[GIVEN INFORMATION Boundary: Start]

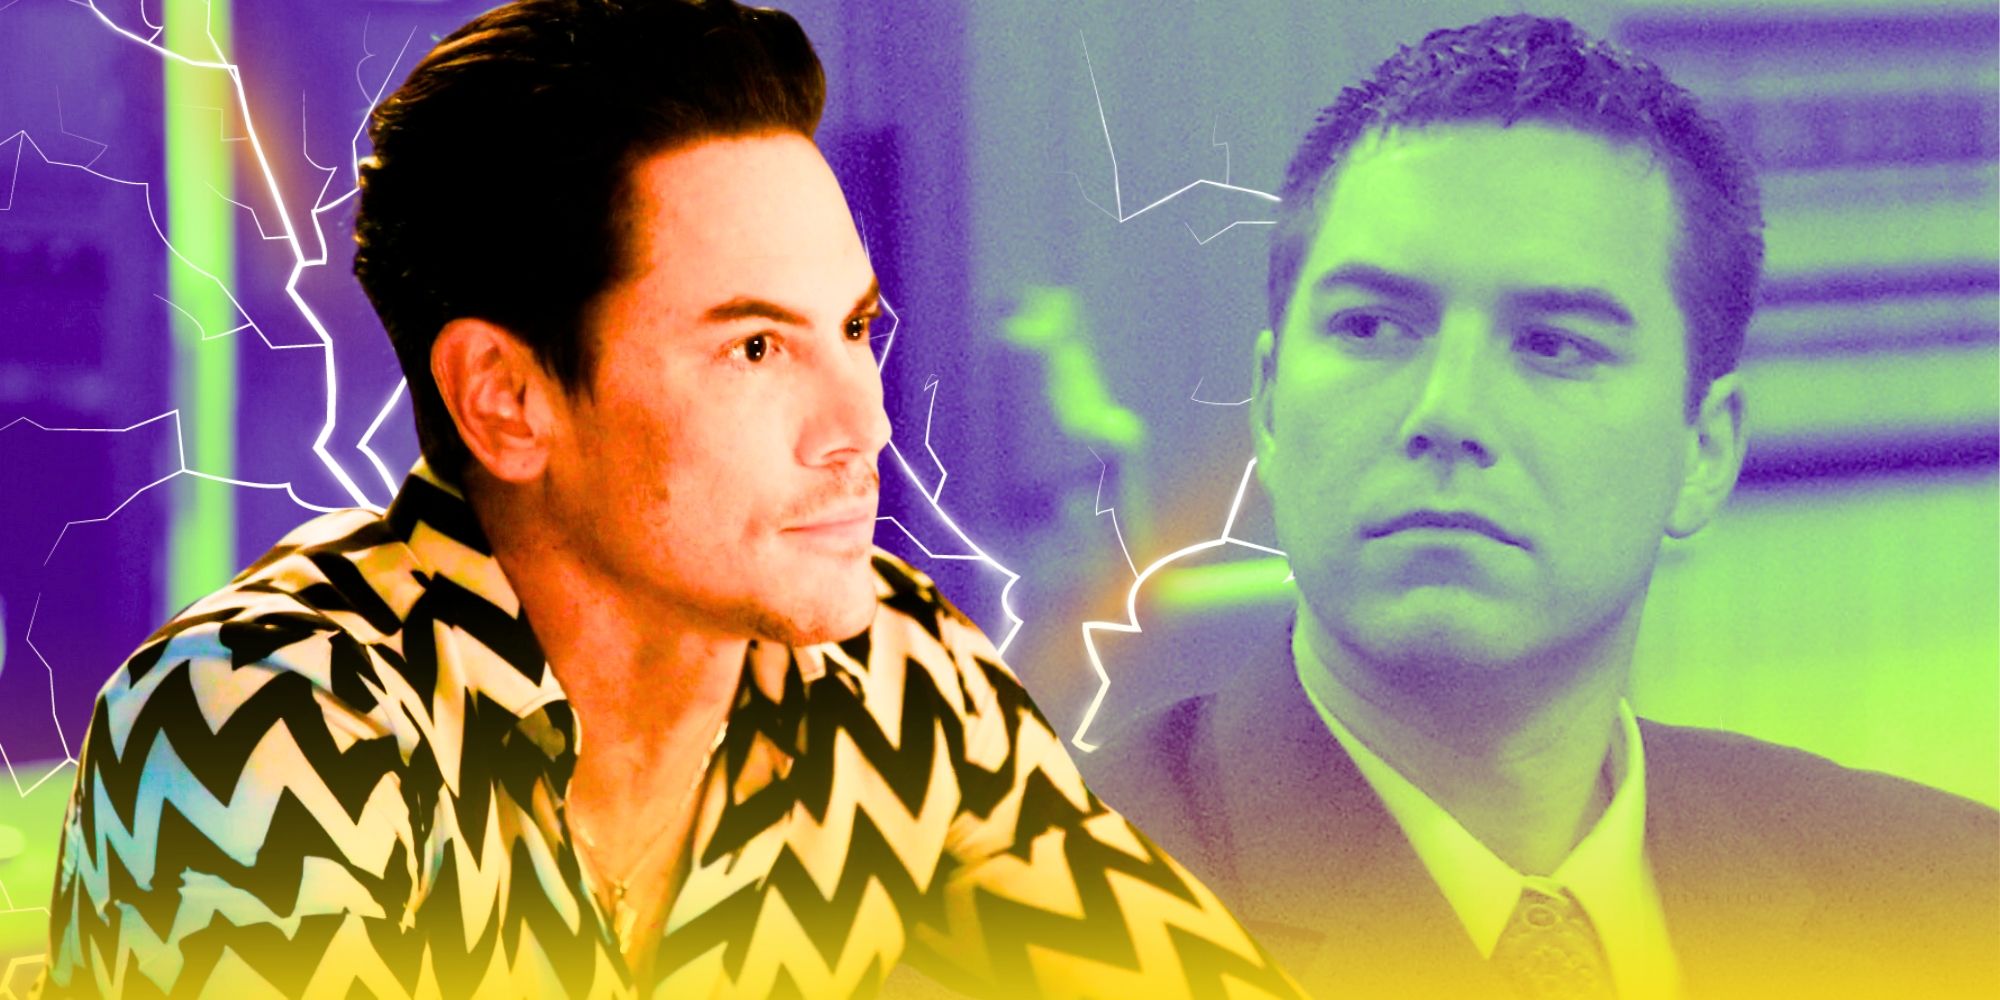 Vanderpump Rules's Tom Sandoval and Scott Peterson, both with no expressions
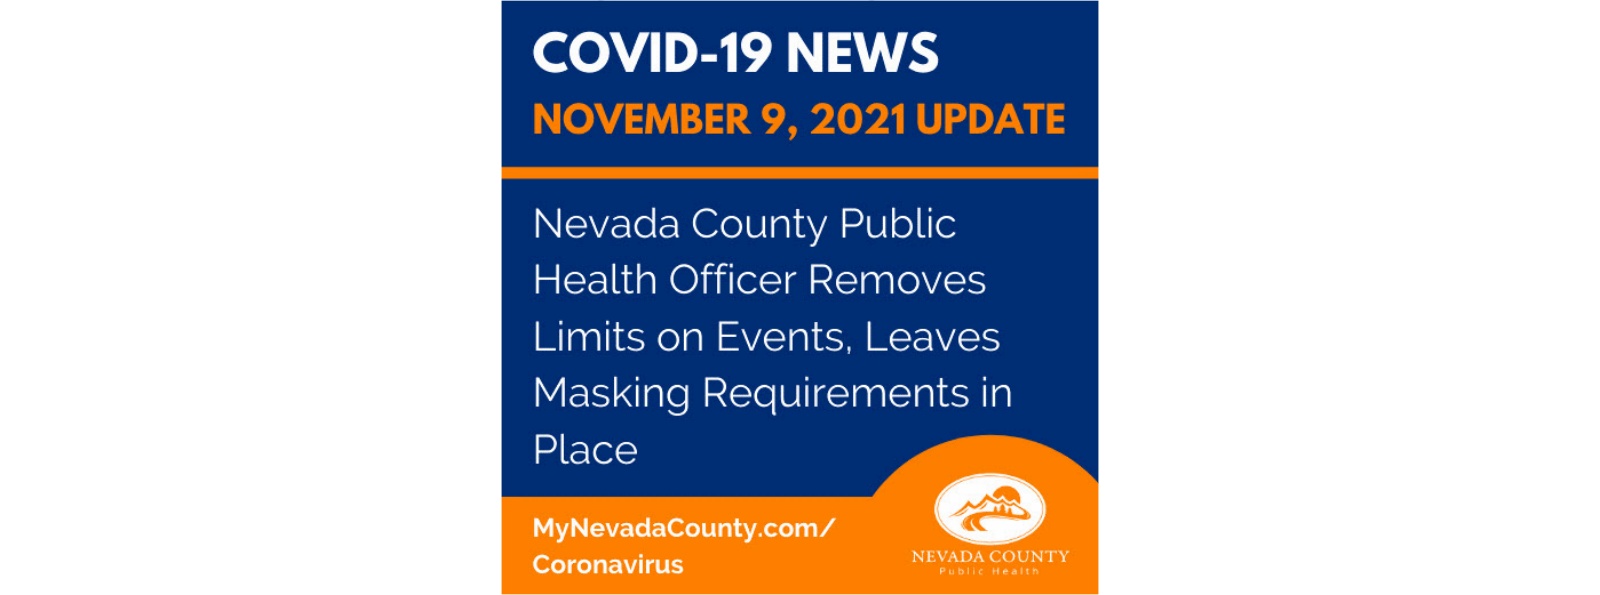 Nevada County Public Health Removes Limits on Events, Masking Requirements Still in Place
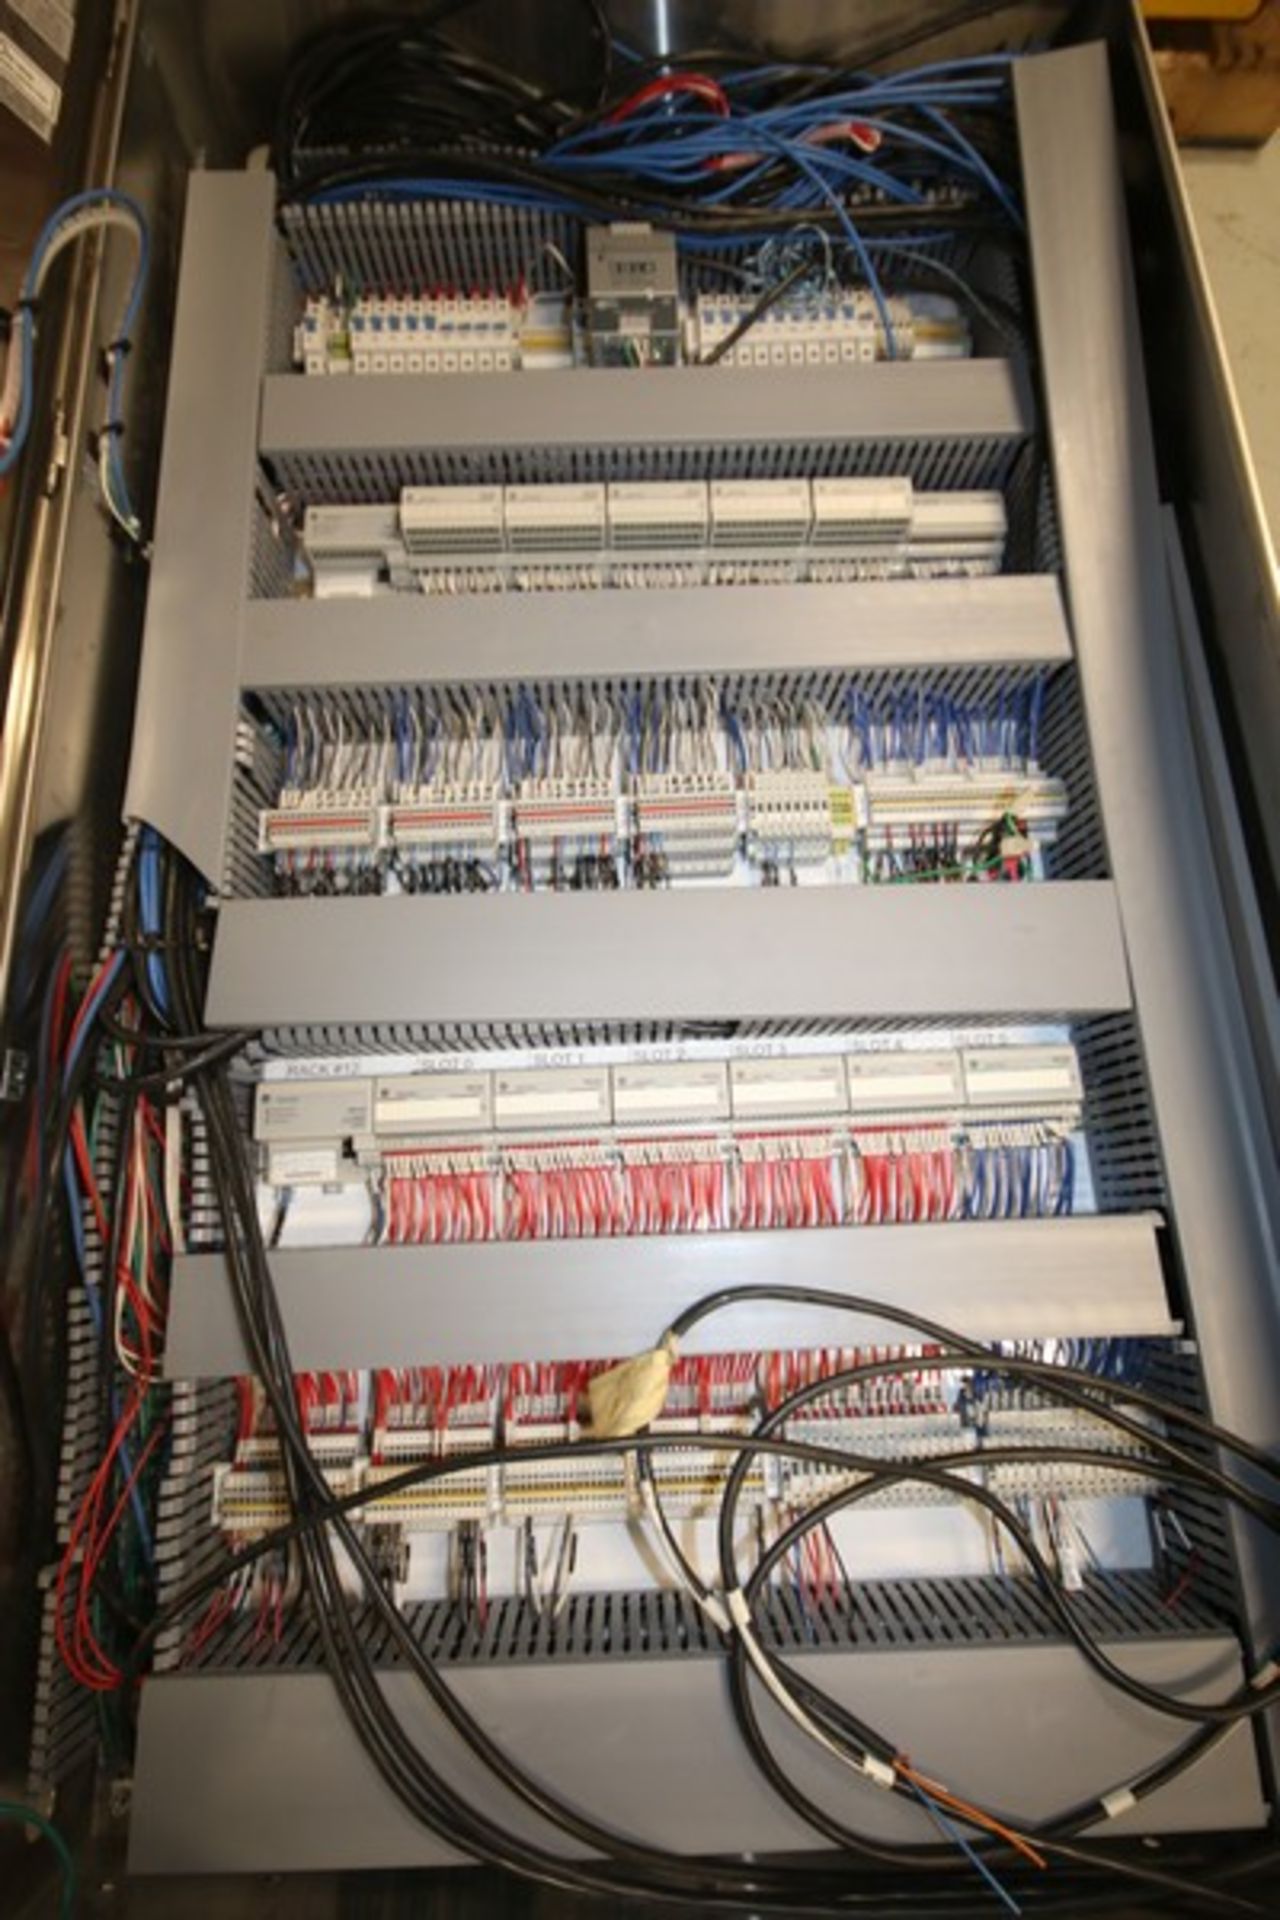 5' H x 3' W x 10" S/S Control Panel with Allen Bradley Flex I/O Type 1794 Series Input & Output - Image 2 of 3

[GIVEN INFORMATION Boundary: End]

# WORK INSTRUCTIONS:
Leave the images out and transcribe the remaining data above word for word.

# EXPECTED ANSWER:
 Vanderpump Rules's Tom Sandoval and Scott Peterson, both with no expressions
 Nevada County Public Health Removes Limits on Events, Masking Requirements Still in Place
 5' H x 3' W x 10" S/S Control Panel with Allen Bradley Flex I/O Type 1794 Series Input & Output - Image 2 of 3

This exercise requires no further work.